Andrew Hintz

Personal information
- Full name: Andrew John Hintz
- Born: 8 December 1963 Christchurch, New Zealand
- Died: 7 February 2016 (aged 52) Christchurch, New Zealand
- Batting: Right-handed
- Bowling: Right-arm fast-medium
- Role: All-rounder

Domestic team information
- 1985/86–1987/88: Canterbury
- FC debut: 6 February 1986 Canterbury v Otago
- Last FC: 29 January 1988 Canterbury v Wellington
- LA debut: 27 December 1986 Canterbury v Wellington
- Last LA: 1 January 1988 Canterbury v Northern Districts

Career statistics
| Competition | First-class | List A |
| Matches | 6 | 10 |
| Runs scored | 108 | 60 |
| Batting average | 13.50 | 15.00 |
| 100s/50s | 0/1 | 0/0 |
| Top score | 62 | 32* |
| Balls bowled | 674 | 535 |
| Wickets | 11 | 17 |
| Bowling average | 33.18 | 21.11 |
| 5 wickets in innings | 0 | 0 |
| 10 wickets in match | 0 | 0 |
| Best bowling | 3/51 | 4/23 |
| Catches/stumpings | 0/– | 1/– |
- Source: CricketArchive, 24 April 2016

= Andrew Hintz =

New Zealand cricketer (1963–2016)

Andrew John Hintz (8 December 1963 – 7 February 2016) was a New Zealand first-class cricketer who played for Canterbury.

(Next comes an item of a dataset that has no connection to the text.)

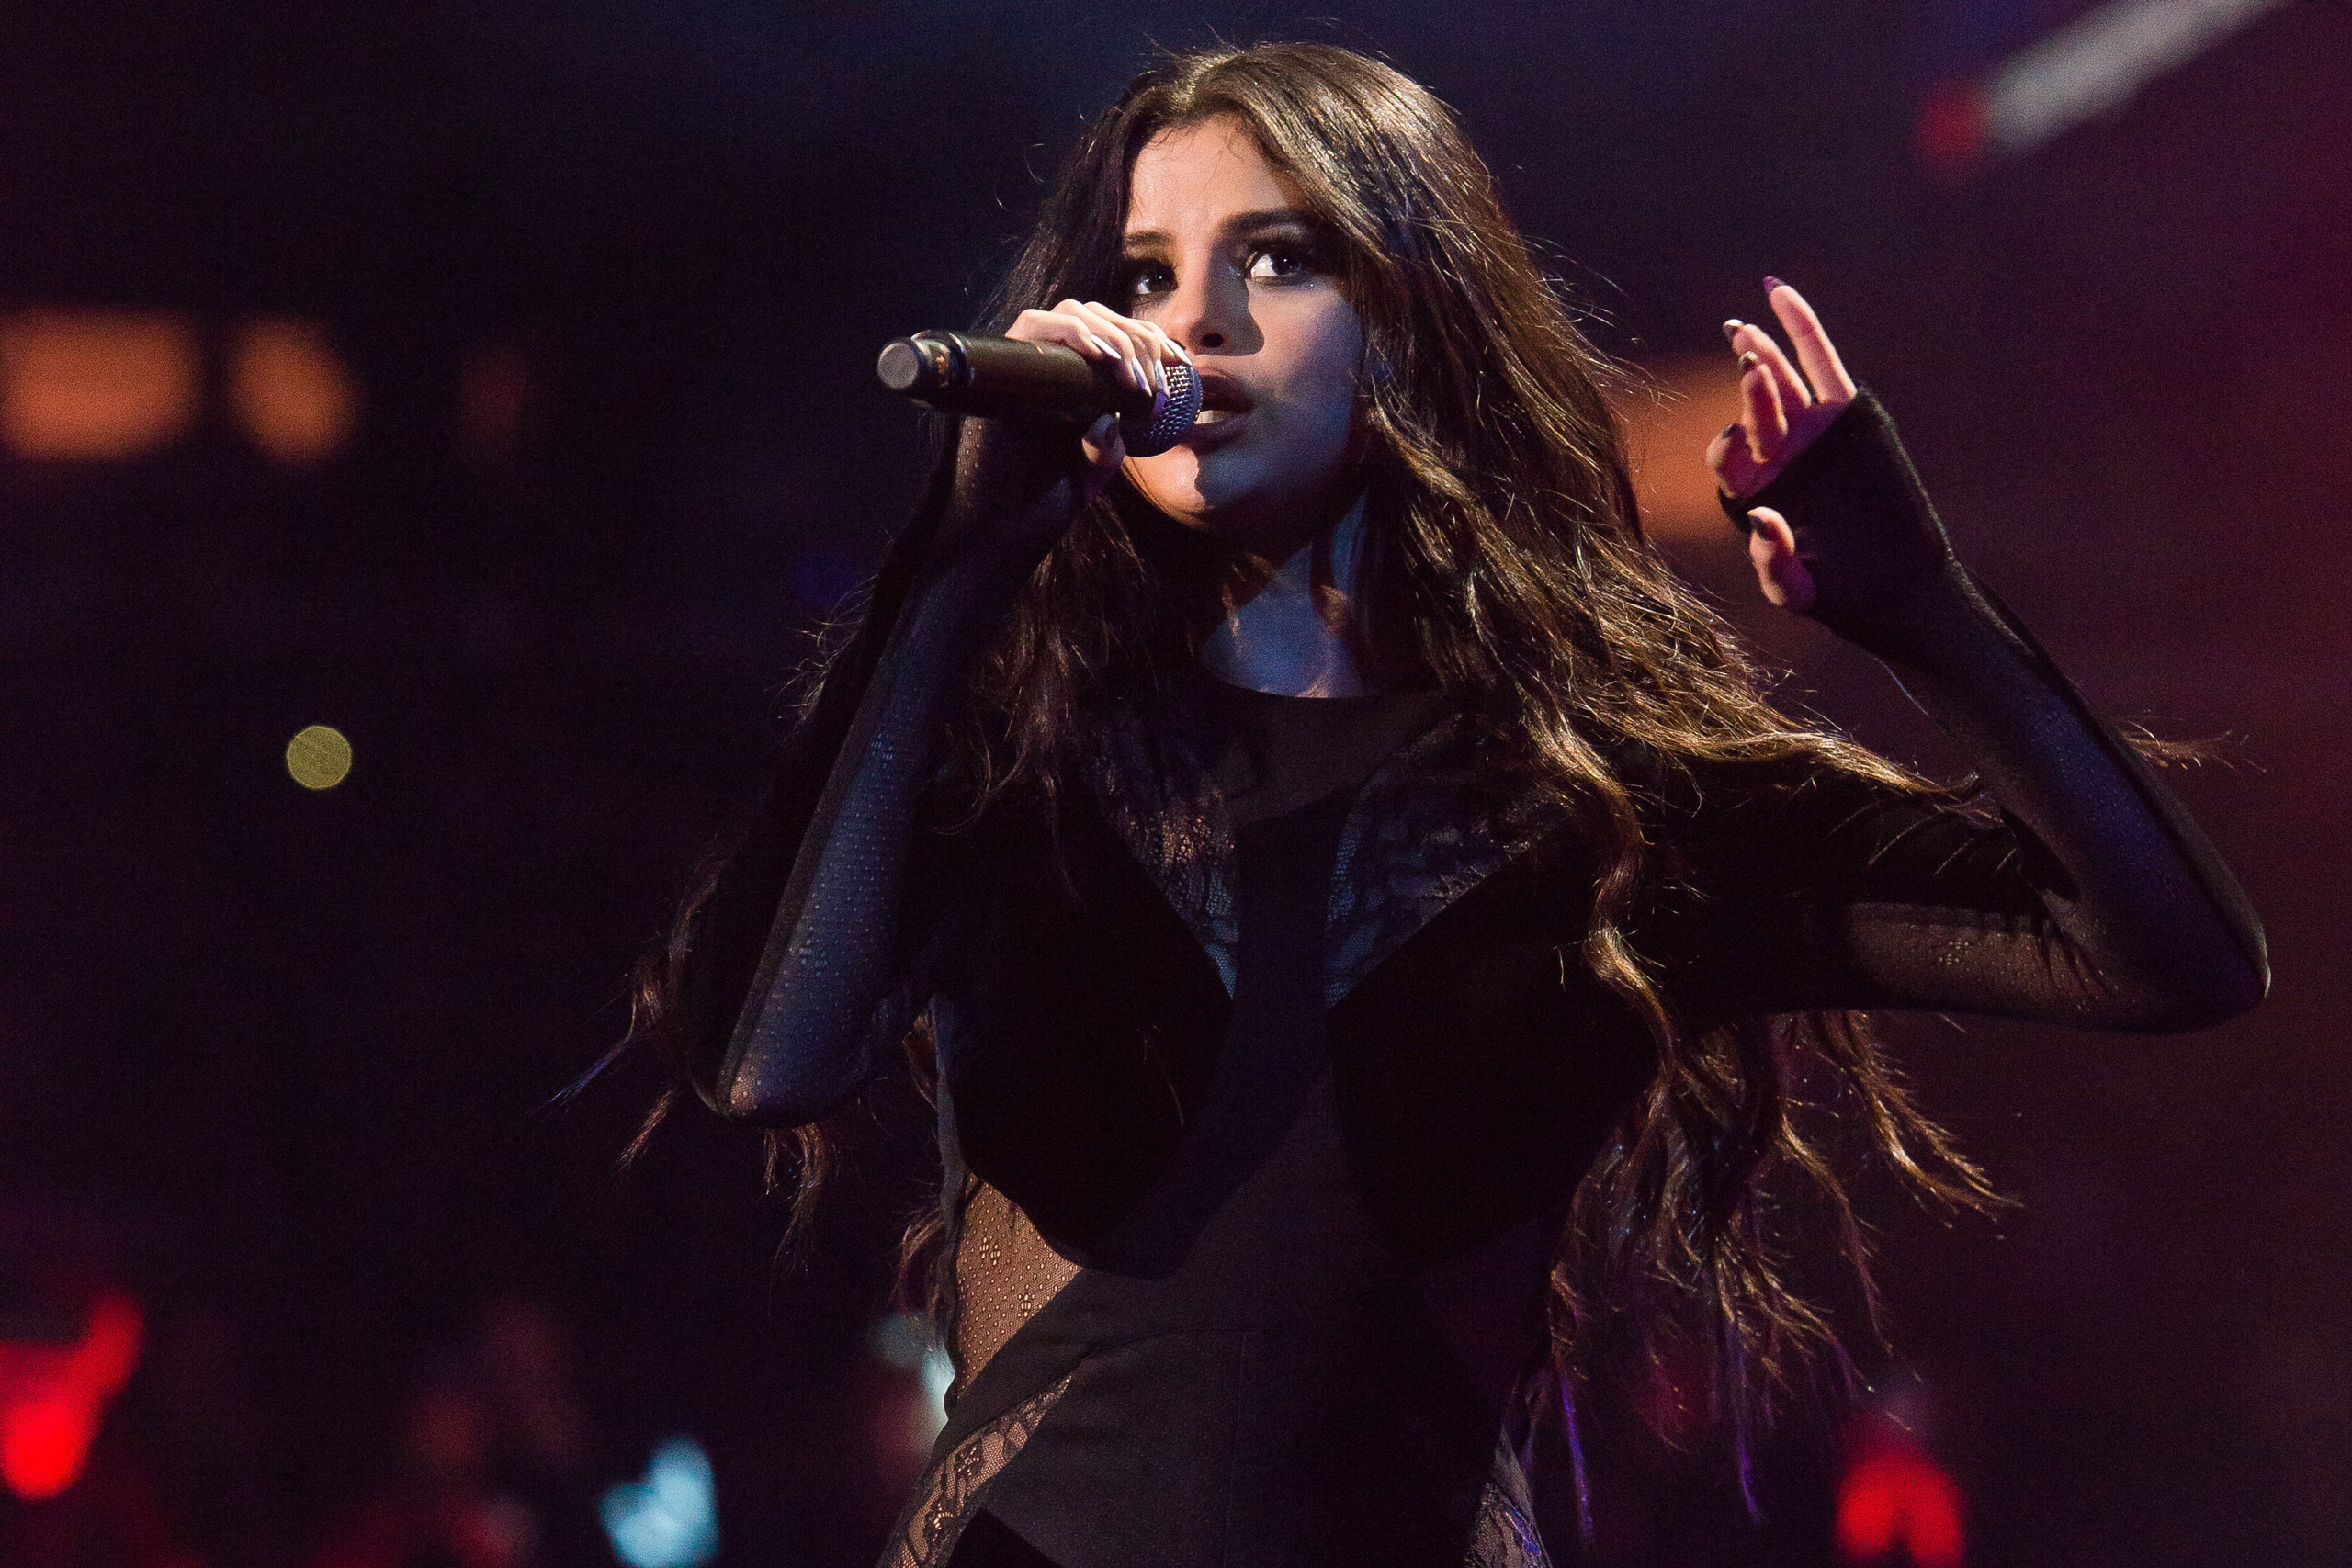 Selena Gomez performs at Z100's iHeartRadio Jingle Ball 2015 at Madison Square Garden in New York on Dec. 11, 2015. (Charles Sykes—Invision/AP)

Born in Christchurch on 8 December 1963, Hintz played club cricket for Burnside West University. A right-arm pace bowler, Hintz made six first-class appearances for Canterbury between 1985/86 and 1987/88, taking 11 wickets at an average of 33.18. With the bat he scored 108 runs, with a high score of 62, at an average of 13.50. In 10 one-day games for Canterbury, he took 17 wickets at 21.11, and scored 60 runs at an average of 15.00.

Hintz died of cancer at Christchurch on 7 February 2016.